Thursday, June 23, 2011

Sue Ellen's Girl Ain't Fat, She Just Weighs Heavy Explains Southern Sayings & Gives Recipes for Good Eating

I wasn't sure what to expect from Shellie Rushing Tomlinson's latest book, Sue Ellen's Girl Ain't Fat, She Just Weighs Heavy: The Belle of All Things Southern Dishes on Men, Money, and Not Losing Your Midlife Mind.

Tomlinson was a new-to-me author and one whose website All Things Southern was a place I had never ventured. Julie from Book Hooked Blog recently raved about the book, and comedian Jeff Foxworthy wrote a blurb saying it was "laugh-out-loud funny," so I decided it must be worth my time.

Sue Ellen's Girl is not necessarily a book you have to read from cover to cover; it doesn't tell a story. Rather, it is chock full of Tomlinson's own stories about life in the south (and southern relatives), her readers' stories, definitions of southern sayings, and delicious-sounding recipes. I will admit that I felt a little behind, not having read the author's book Suck Your Stomach In & Put Some Color On! or having visited her website. Tomlinson frequently references things in the book and stories from her book tour.

However, that just means I'll have to go back and read it at some point! I can definitely relate to the title. My whole life first my maternal grandmother and then my mother have encouraged me to "put a little color on" because otherwise I look "peaked." I won't reveal exactly when my mom let me start wearing mascara, but it was well before middle school. After all, I have her eyebrows and eyelashes, meaning when we have no "color" on, we look ill. When people who have never seen me sans makeup see me for the first time, they invariably think something is dreadfully wrong!

My favorite part of the book, hands down, were the absolutely mouth-watering recipes Tomlinson included. Apparently, she regularly includes recipes on her website, so there's no doubt I will be making my way over there frequently!
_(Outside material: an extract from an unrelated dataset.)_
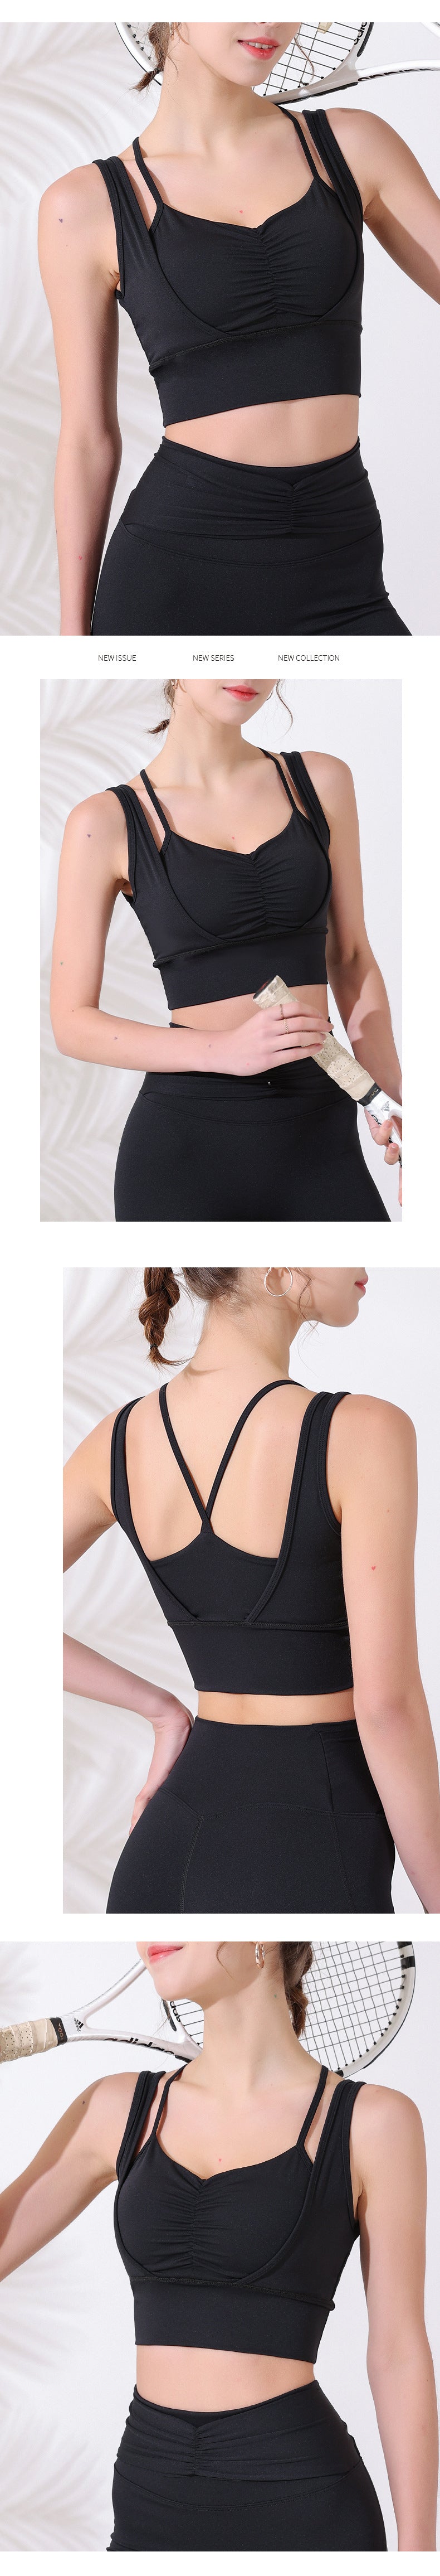 Sports underwear women's double shoulder straps bra women's yoga fitness front running shockproof

Her daughter Jessica Ann (discussed fairly often in the book), also has a food blog called Kitchen Belleicious, another place I'm sure I will be frequenting. (I mean, seriously -- she recently posted both Spicy Crab and Roasted Red Pepper Mac and Cheese and Nutella Coconut and Caramel Brownies. Can you say YUM?!)

Another fabulous part was the way Tomlinson defines southernisms -- you know, words or phrases that southerners use all the time, that mean absolutely nothing to those outside the region. I'm not going to spoil the book by telling you the definitions, but should you happen to pick up a copy of Sue Ellen's Girl, you will be privy to the following vocabulary:
  • weighing heavy (that one is obviously included, given the title, right?)
  • the get-go
  • six ways to Sunday
  • wet your whistle
  • broke fellowship
  • nekkid as a jaybird (as opposed to just plain "nekkid")
And many more words and phrases unique to the south.
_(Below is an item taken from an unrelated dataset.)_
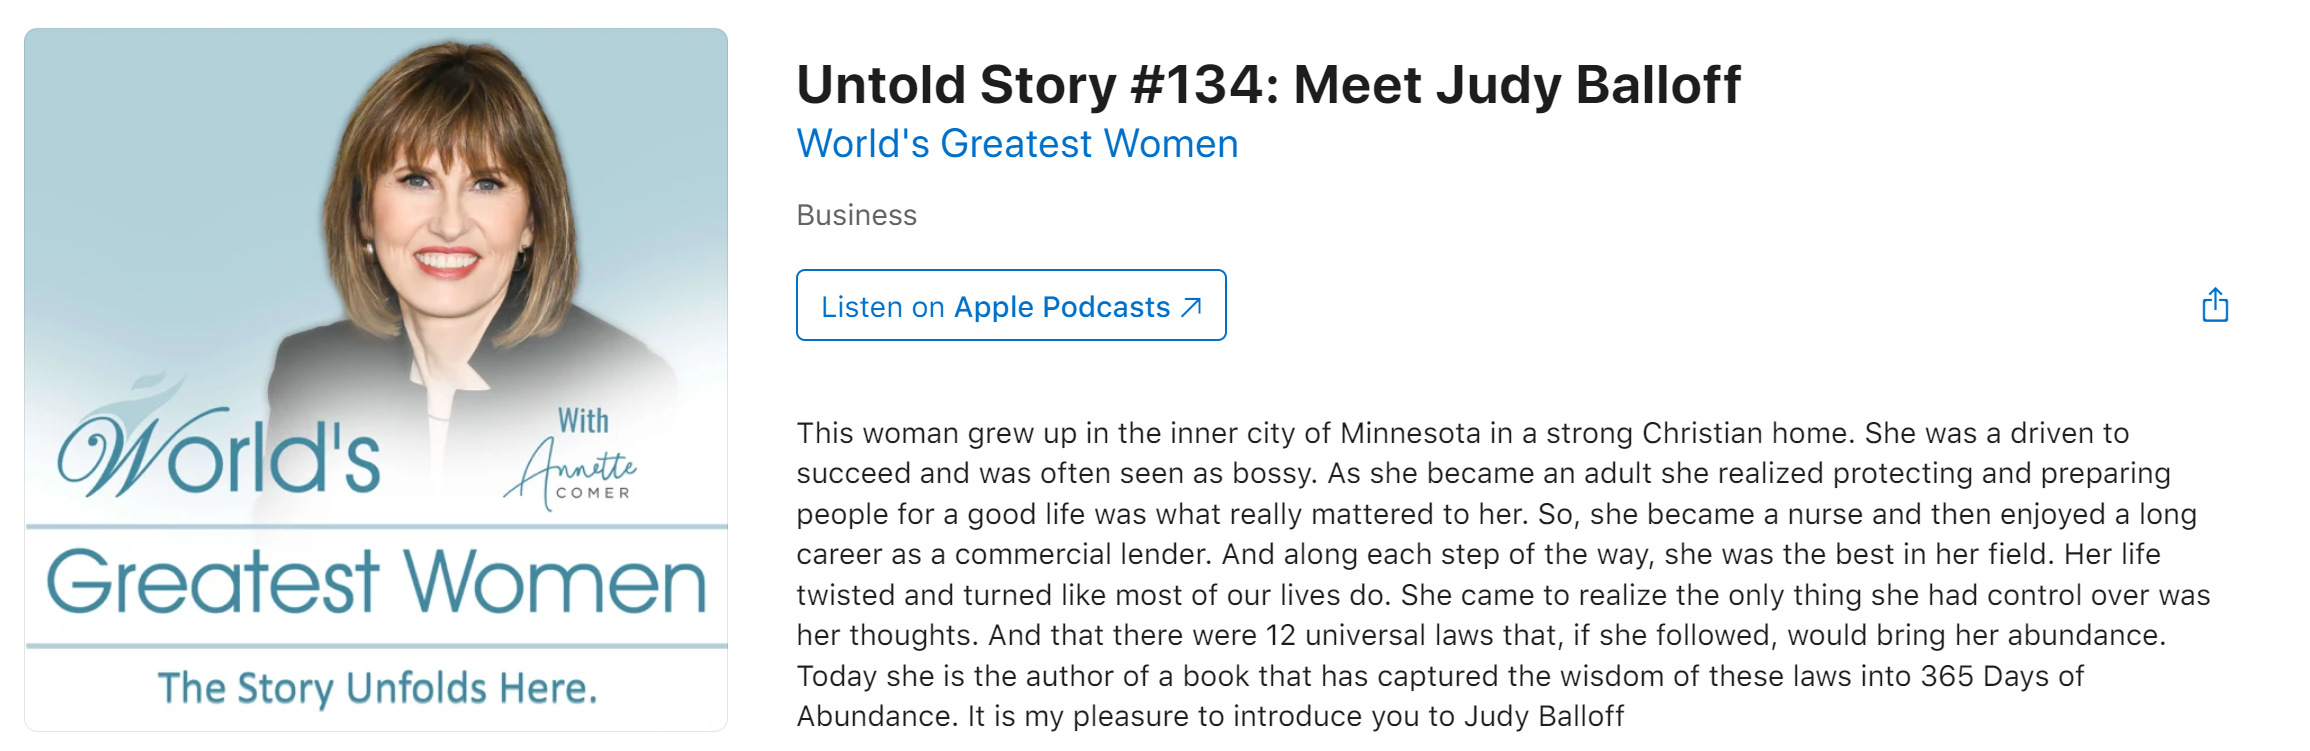 worlds greatest women podcast with judy balloff

When I finished reading Sue Ellen's Girl, I had a virtual fan of bent-down page corners -- things I wanted to remember to go back and look at again. Most of them are one-liners, things that I just needed to share with you when I reviewed the book, because they spoke so strongly to my own life or
upbringing. Here are some of those excerpts:
"All I'm saying is that there are times -- hormonal times -- in every woman's life when she's just one bad decision away from a Fudge Frenzy" (8-9).

"MSS stands for Male Speaker Syndrome, a condition I identified that causes our men to sweat while ordering at drive-in windows. . . . For all those frustrated females struggling to reach over the console and holler into the sound system because Daddy is sweating over the burger order. . . . " (44).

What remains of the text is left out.